* _WHAT IS EXPECTED_:
Go to the line holding "ARGENTINA - C.A.LL., Telecom" in the data below and repeat it exactly, then each line after it up to and including the one holding "Chocolate Hazelnut Cheesecake". Omit pictures.

* _DATA PROVIDED_:
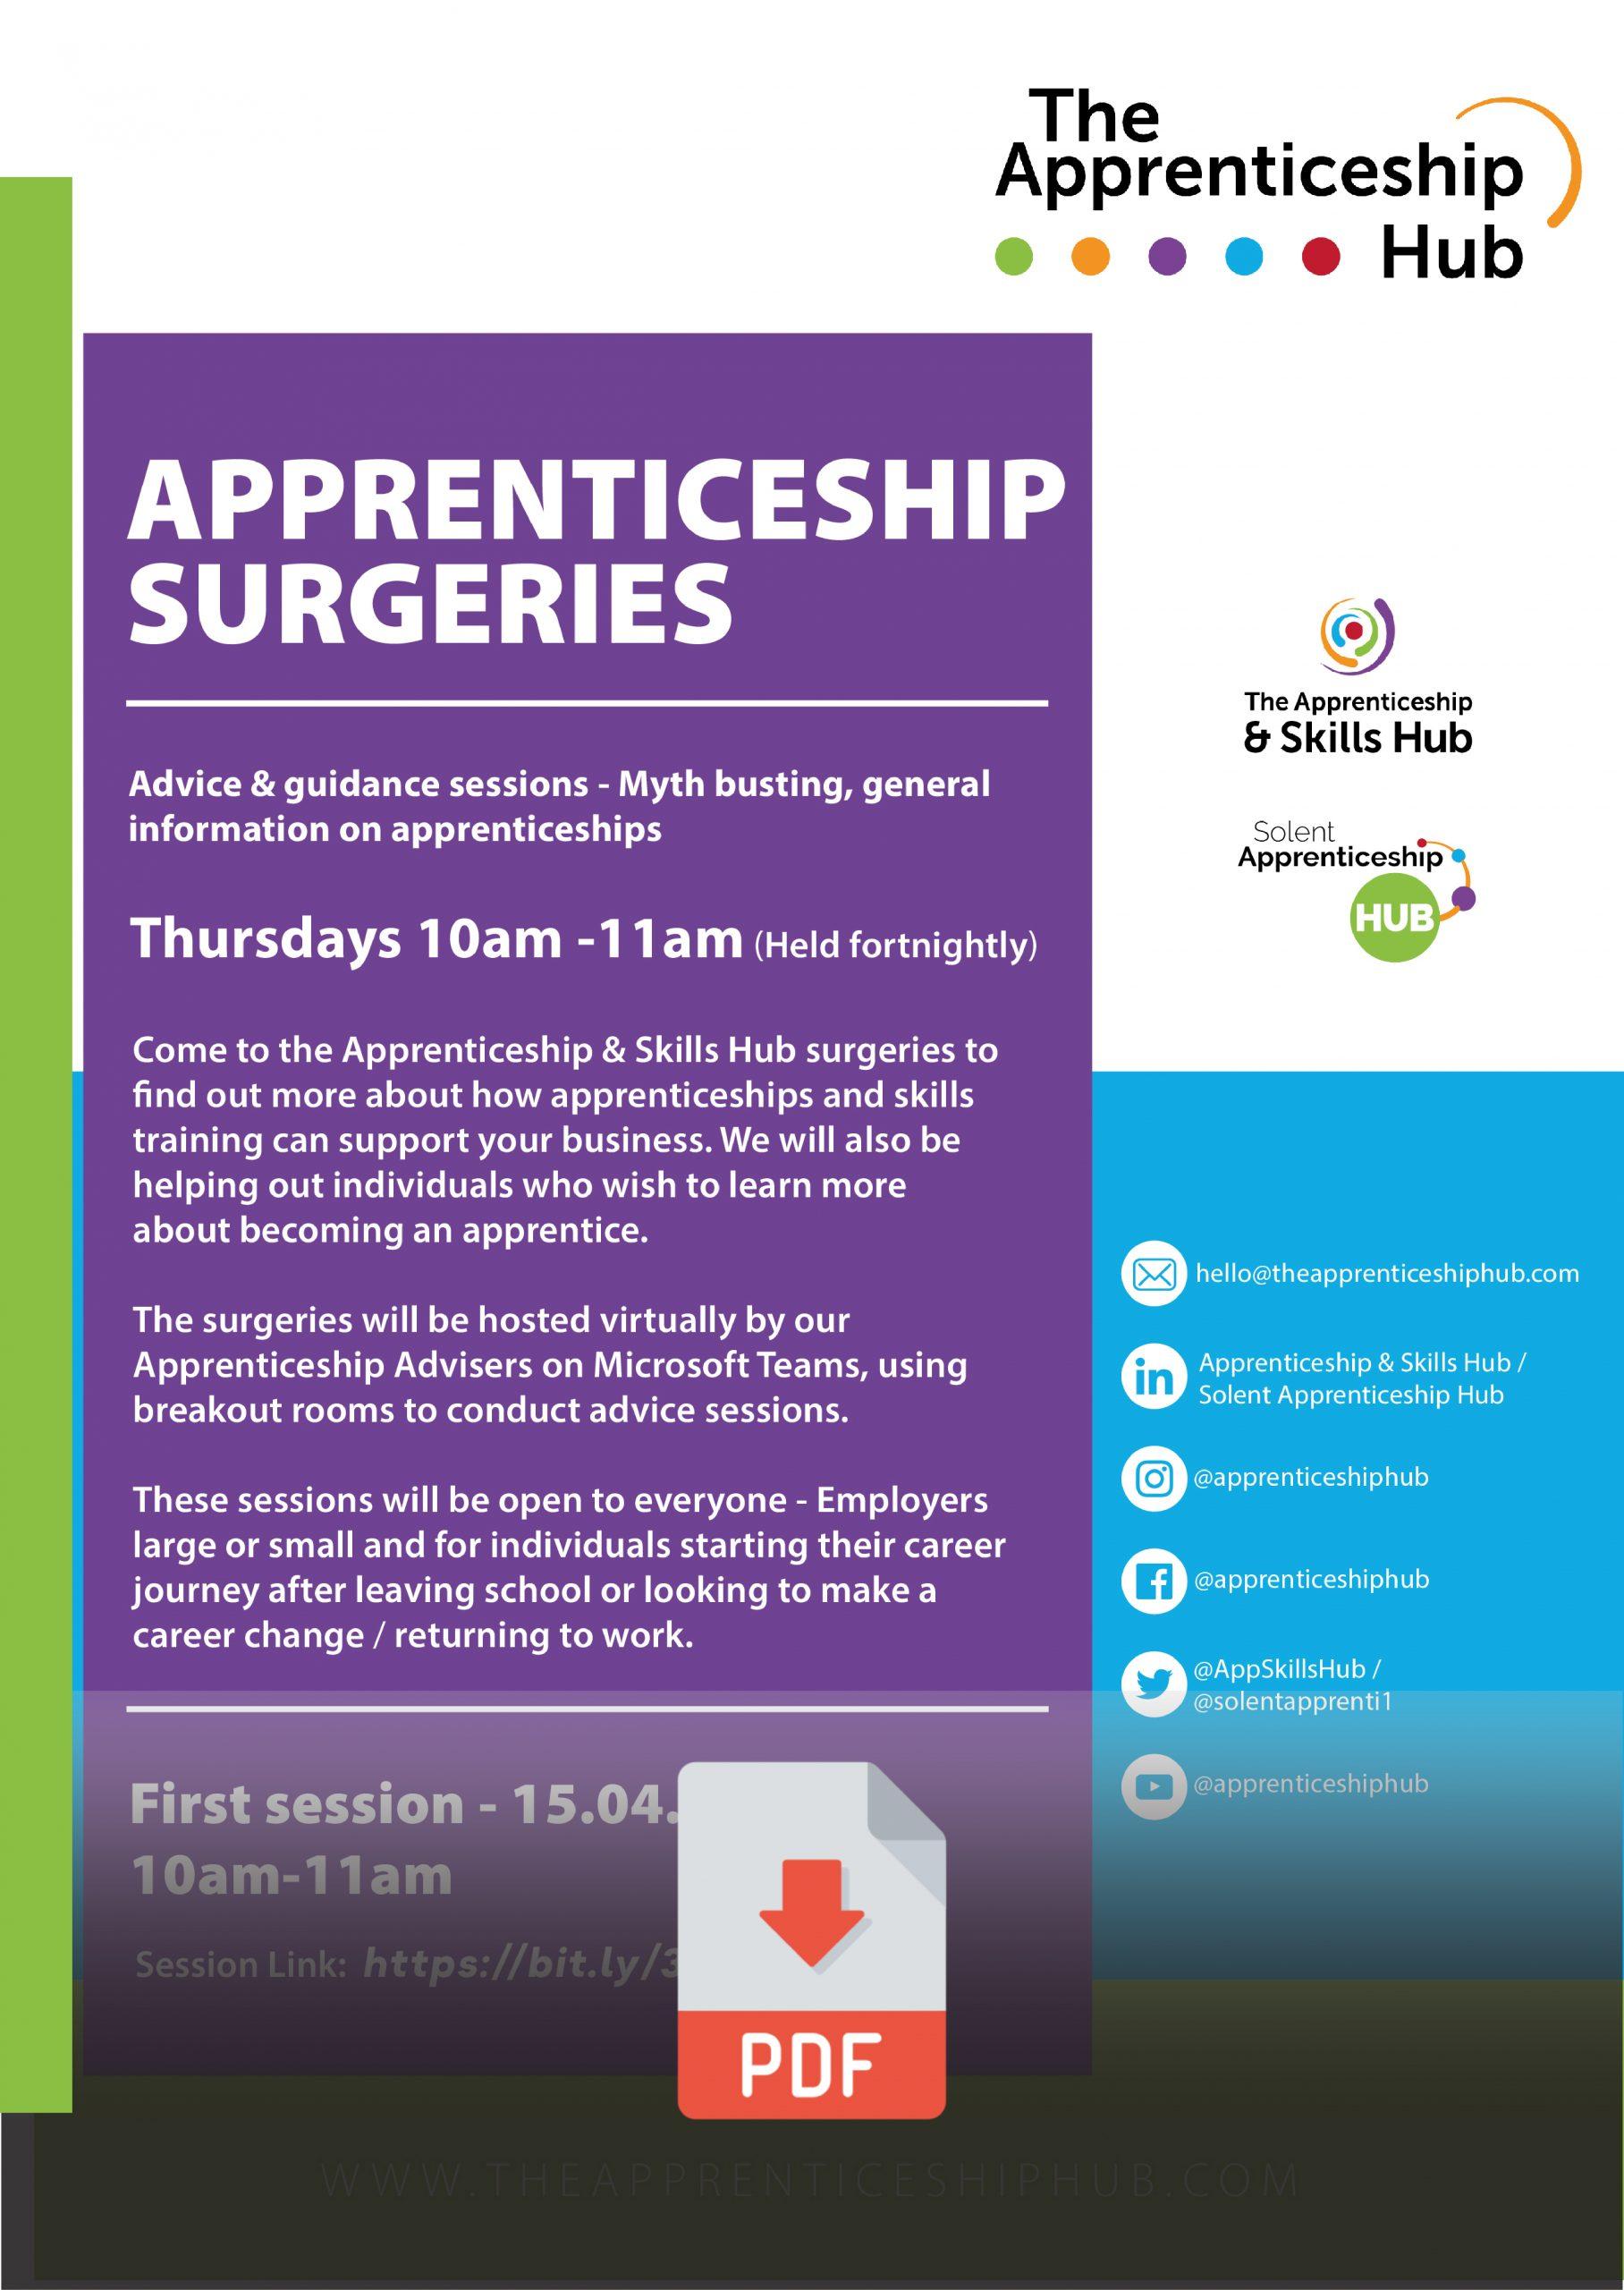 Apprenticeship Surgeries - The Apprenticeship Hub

--

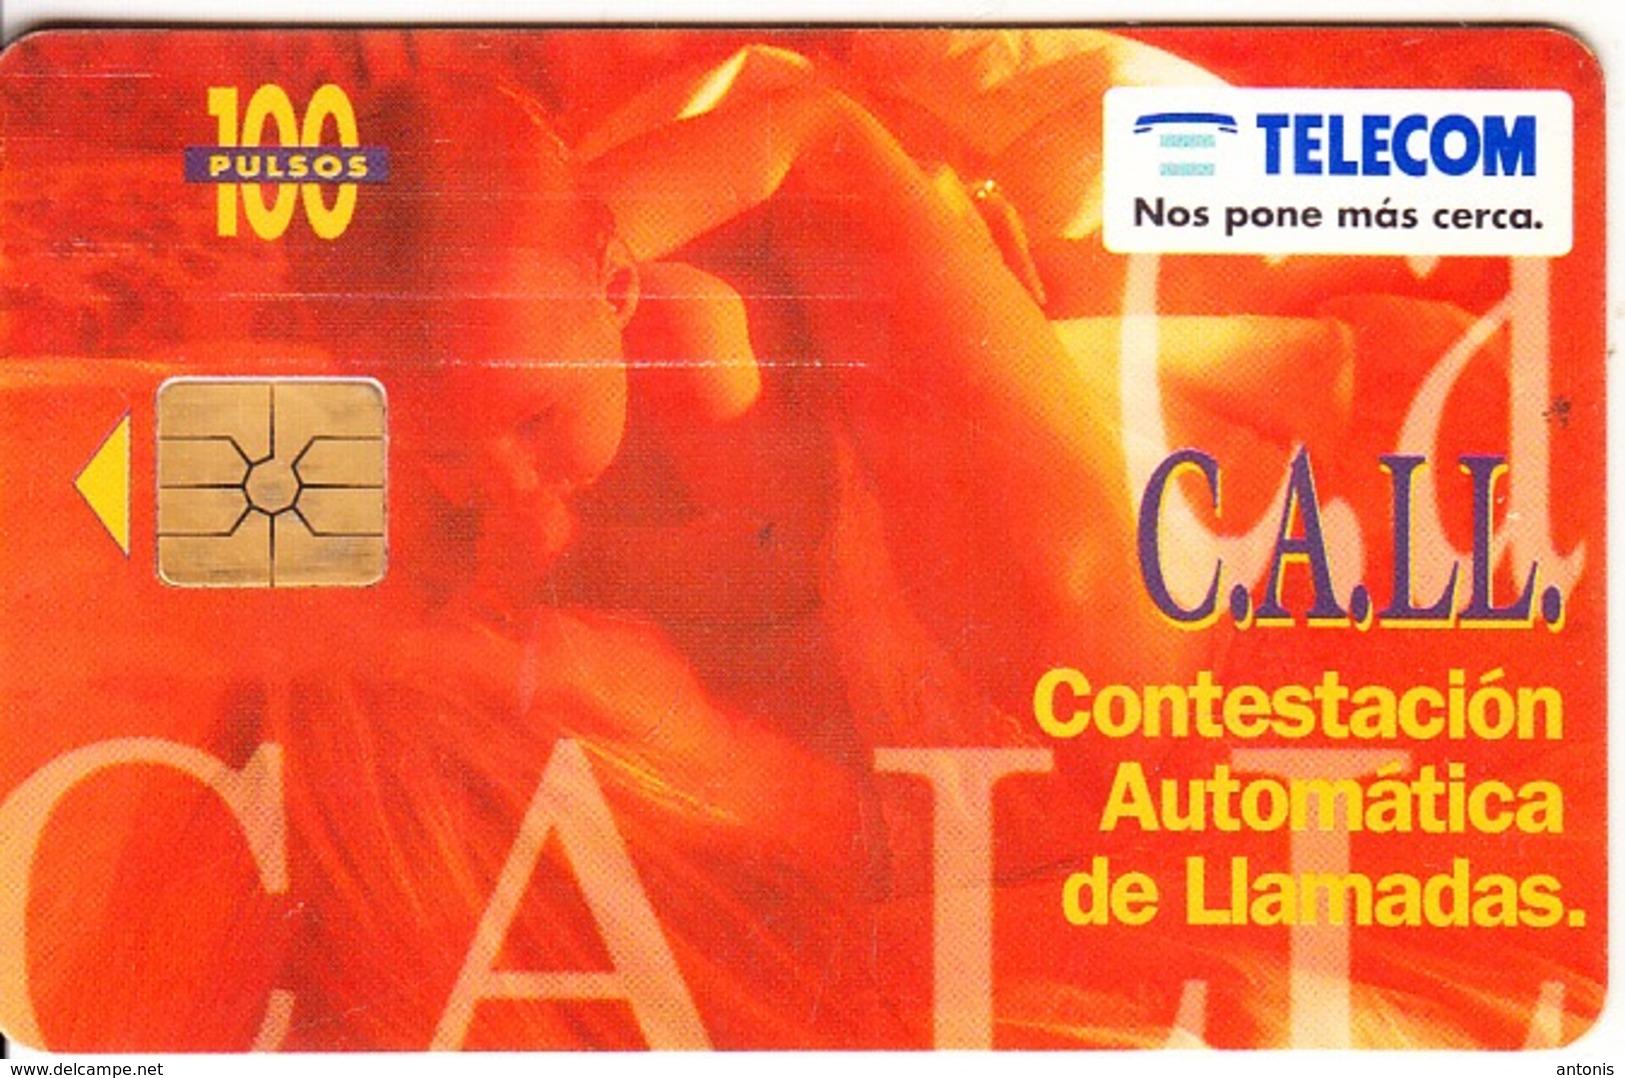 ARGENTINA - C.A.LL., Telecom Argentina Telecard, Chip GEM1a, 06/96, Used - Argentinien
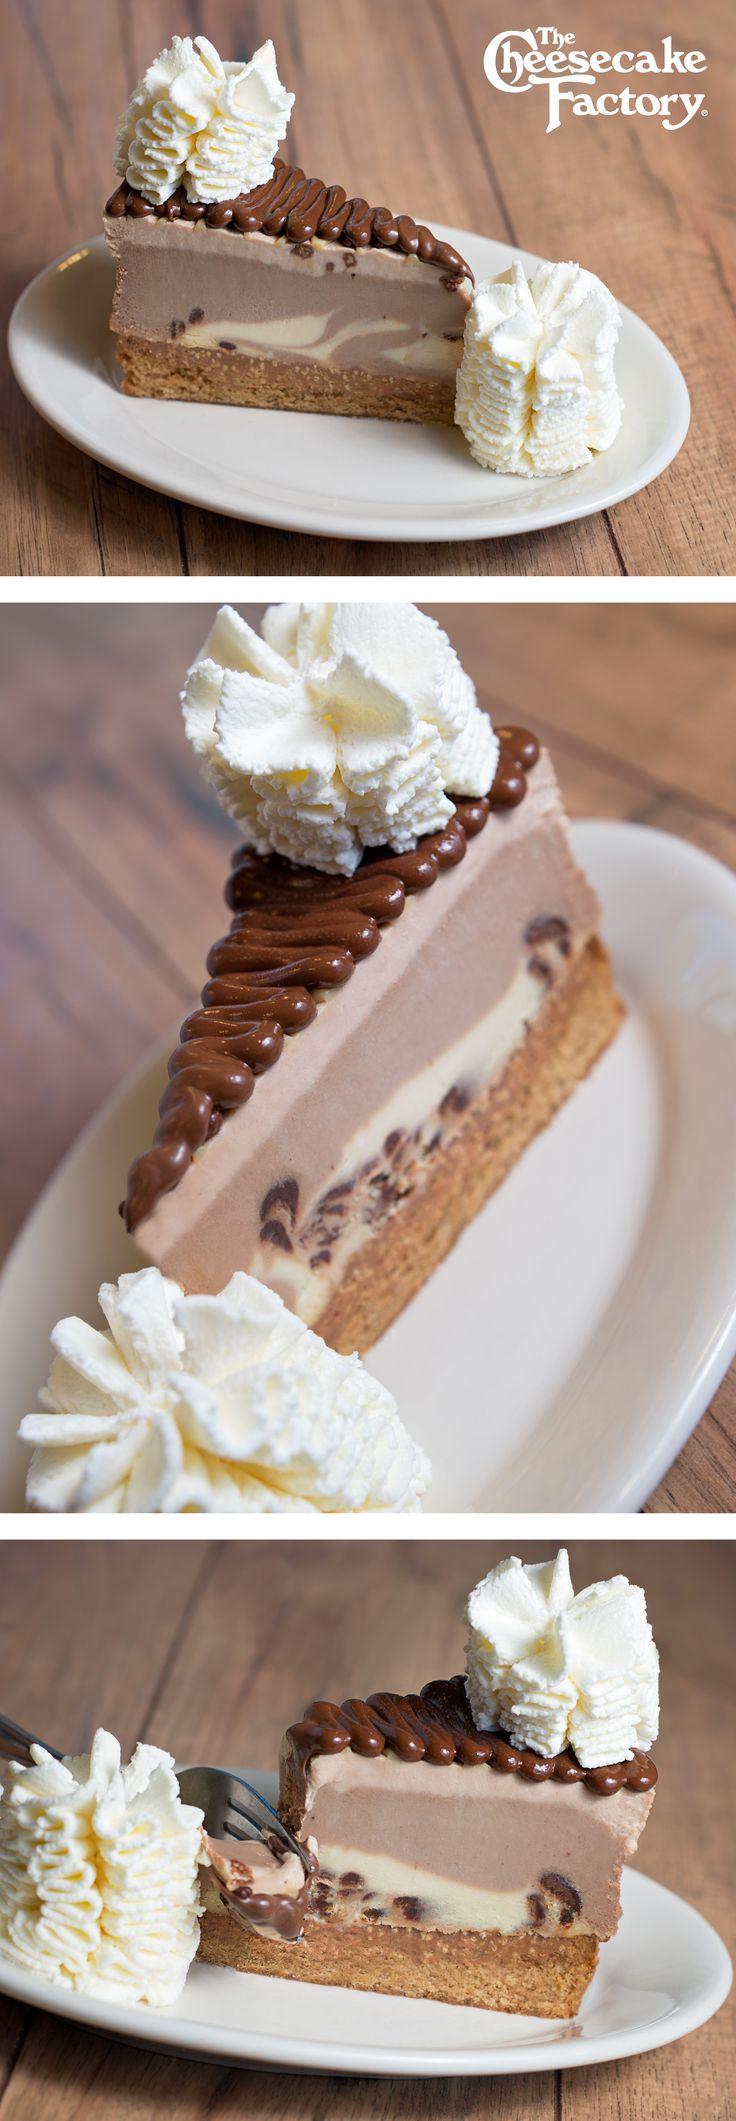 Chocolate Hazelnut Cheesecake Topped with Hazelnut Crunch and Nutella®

* _COMPLETED EXERCISE_:
 ARGENTINA - C.A.LL., Telecom Argentina Telecard, Chip GEM1a, 06/96, Used - Argentinien
 Chocolate Hazelnut Cheesecake Topped with Hazelnut Crunch and Nutella®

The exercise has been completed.